Prompt
Without including any images, output the listing below exactly.

Source material
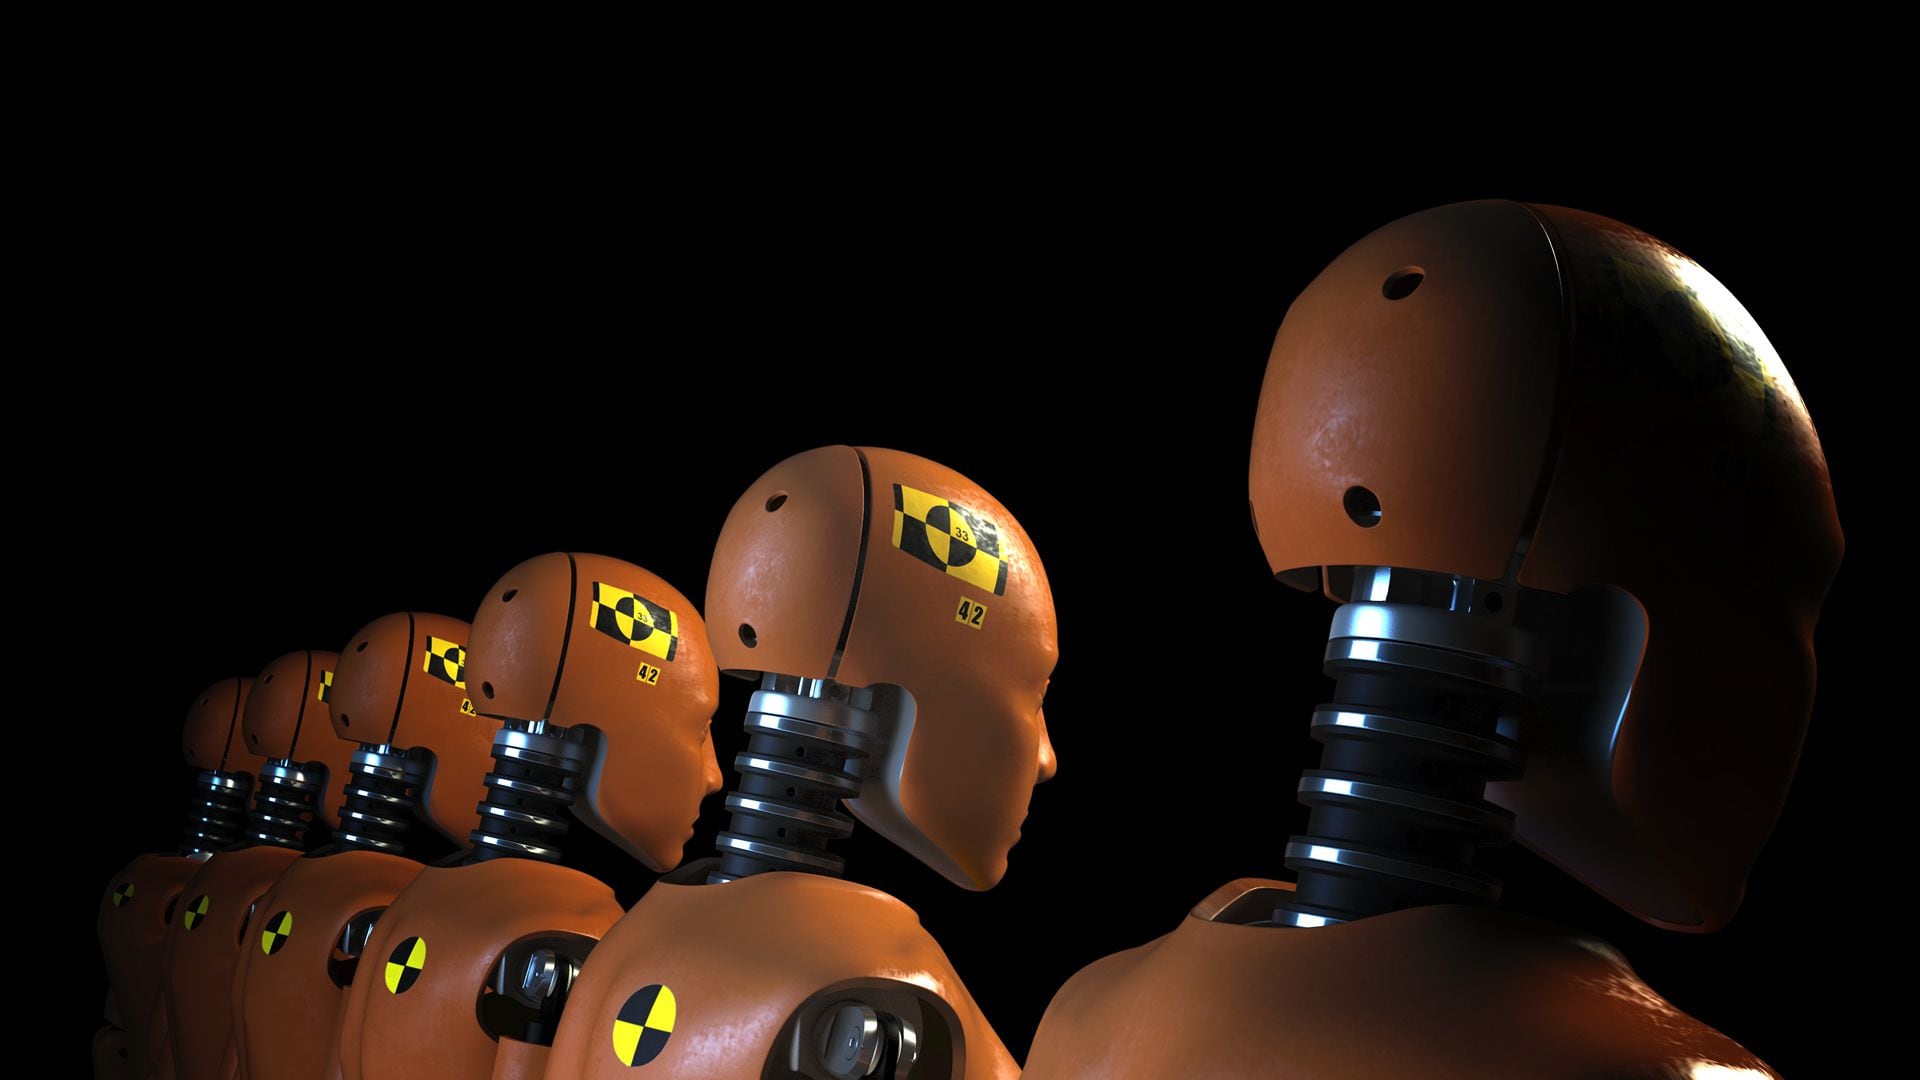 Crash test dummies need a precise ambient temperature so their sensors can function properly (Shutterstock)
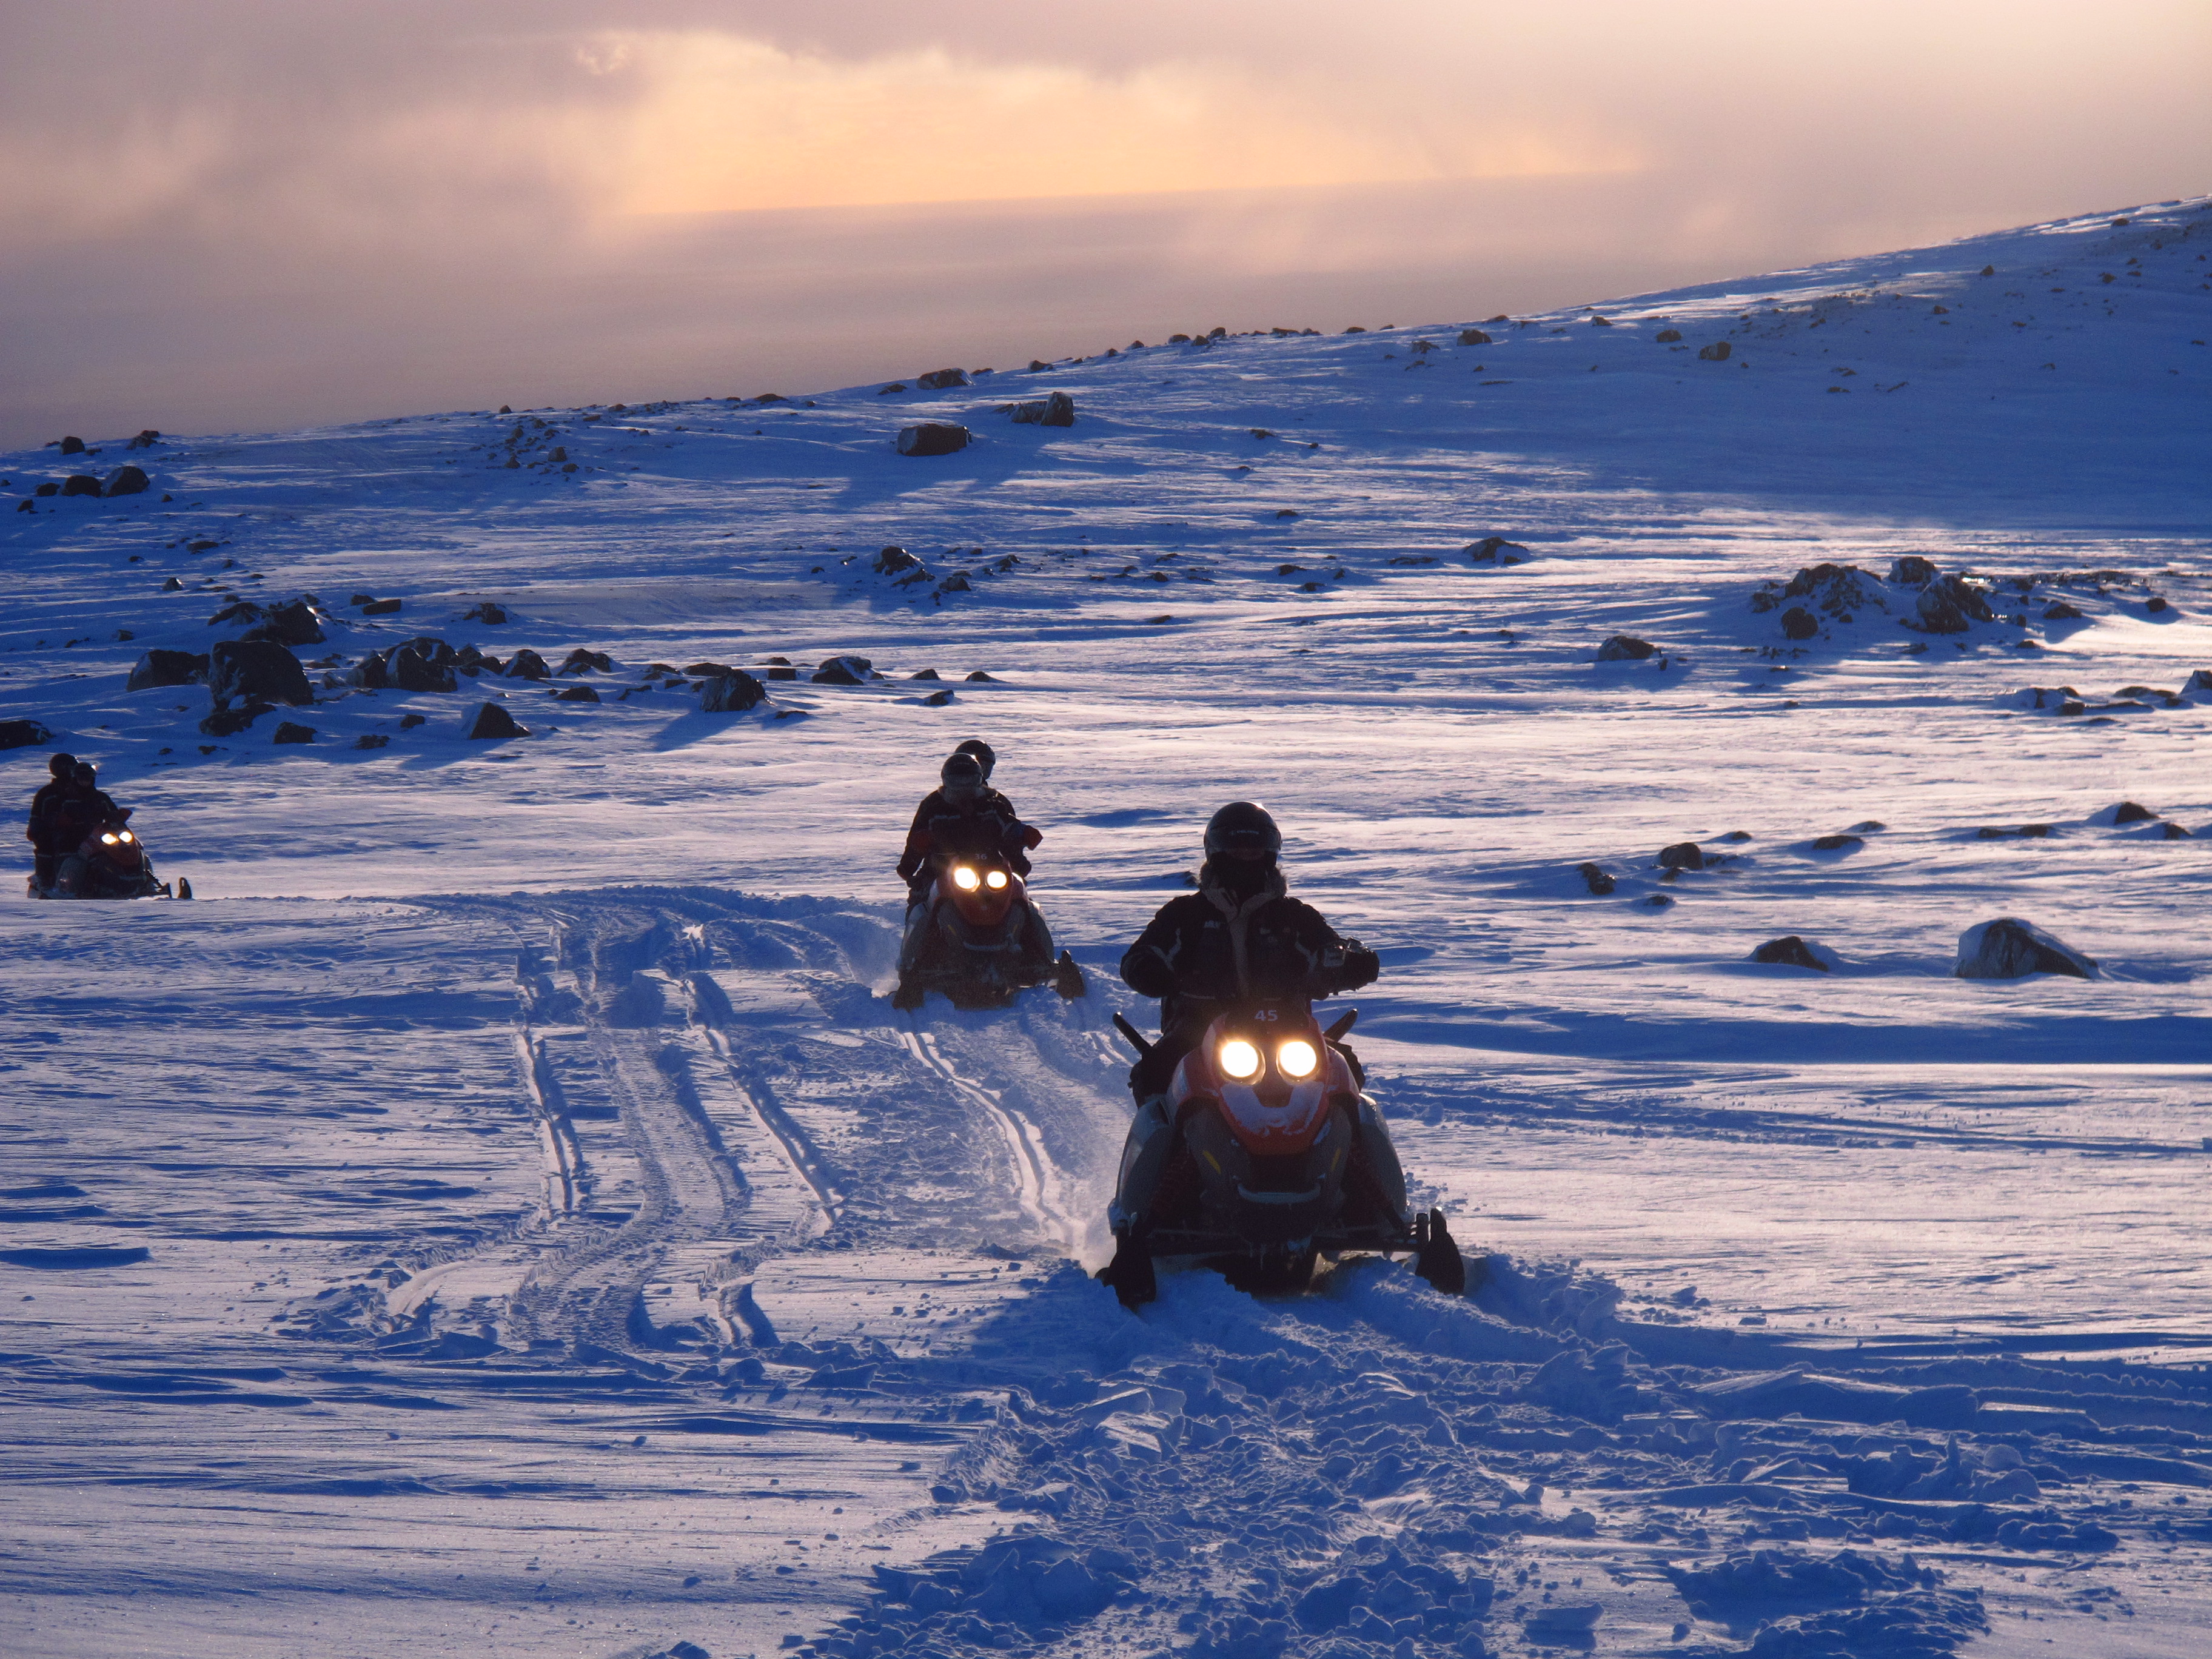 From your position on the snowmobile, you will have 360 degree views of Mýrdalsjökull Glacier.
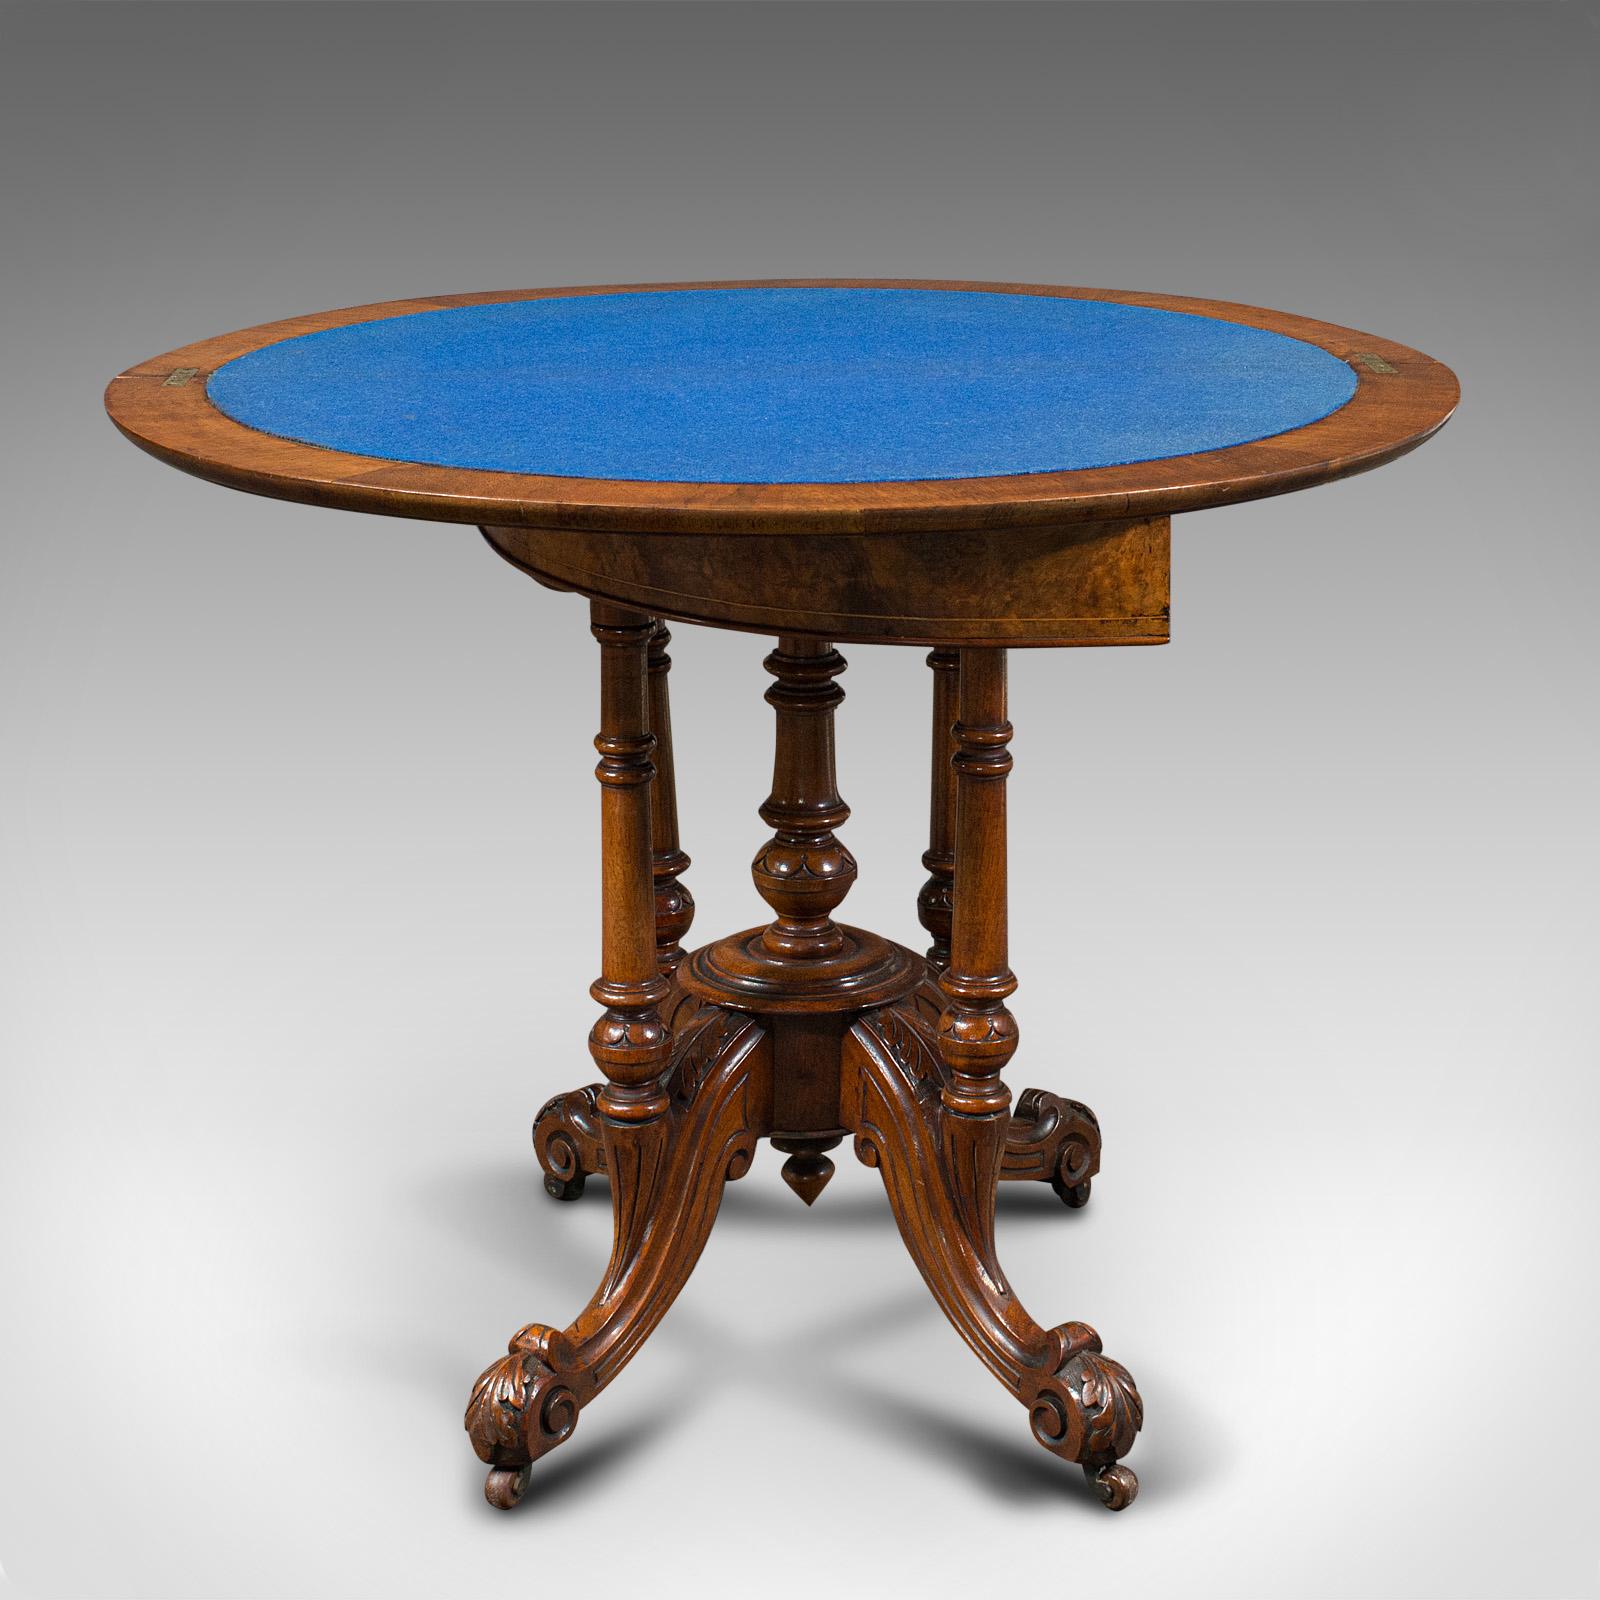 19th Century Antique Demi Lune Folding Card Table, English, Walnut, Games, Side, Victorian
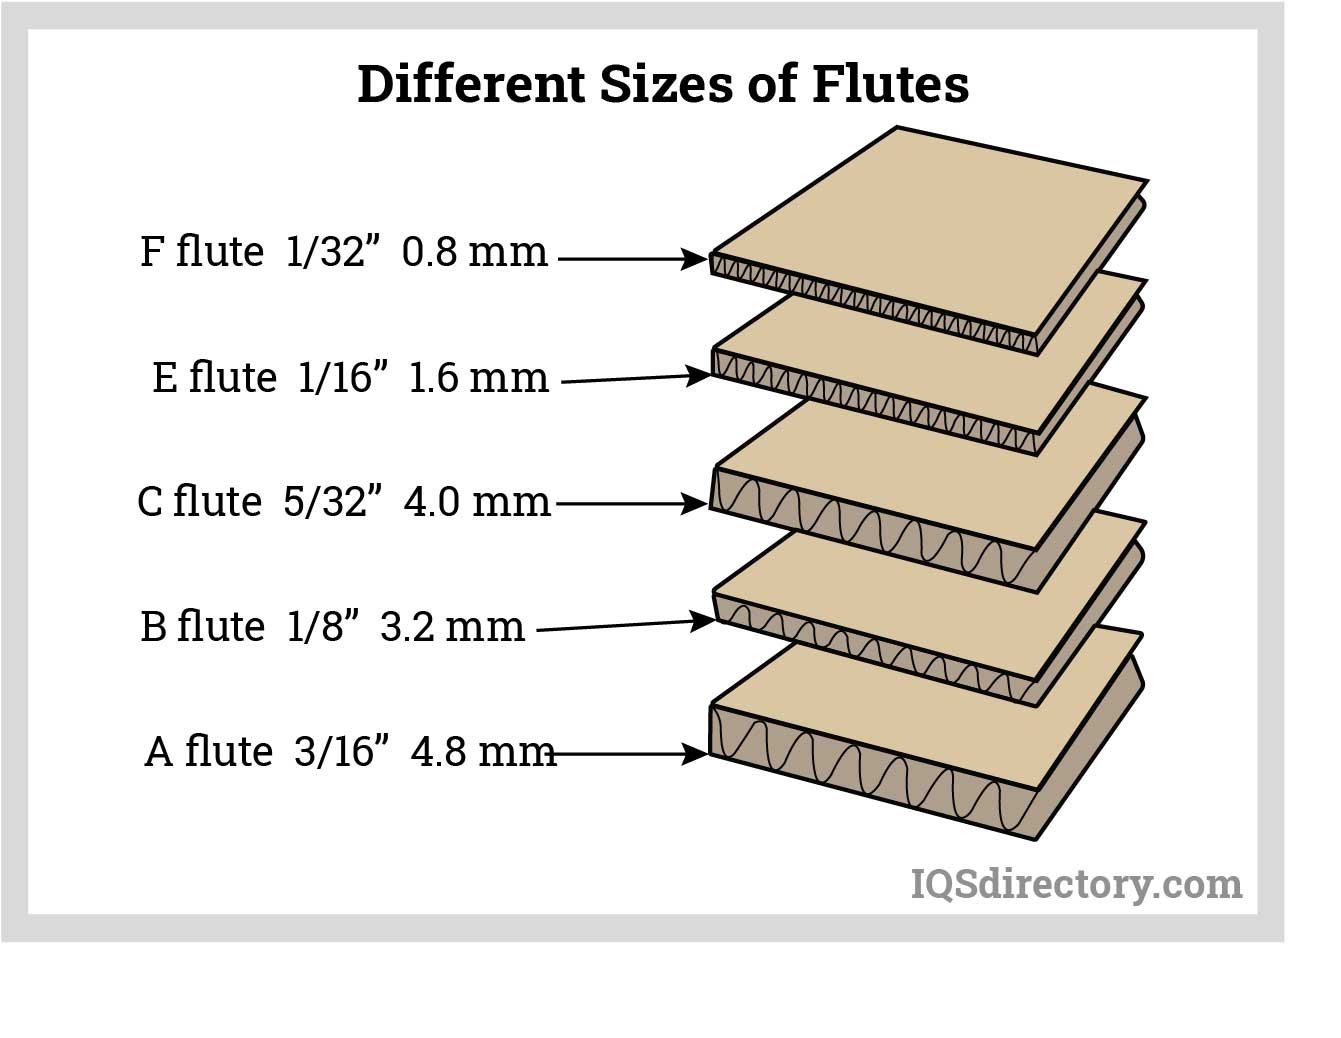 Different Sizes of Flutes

Answer for this exercise
 Crash test dummies need a precise ambient temperature so their sensors can function properly (Shutterstock)
 From your position on the snowmobile, you will have 360 degree views of Mýrdalsjökull Glacier.
 19th Century Antique Demi Lune Folding Card Table, English, Walnut, Games, Side, Victorian
 Different Sizes of Flutes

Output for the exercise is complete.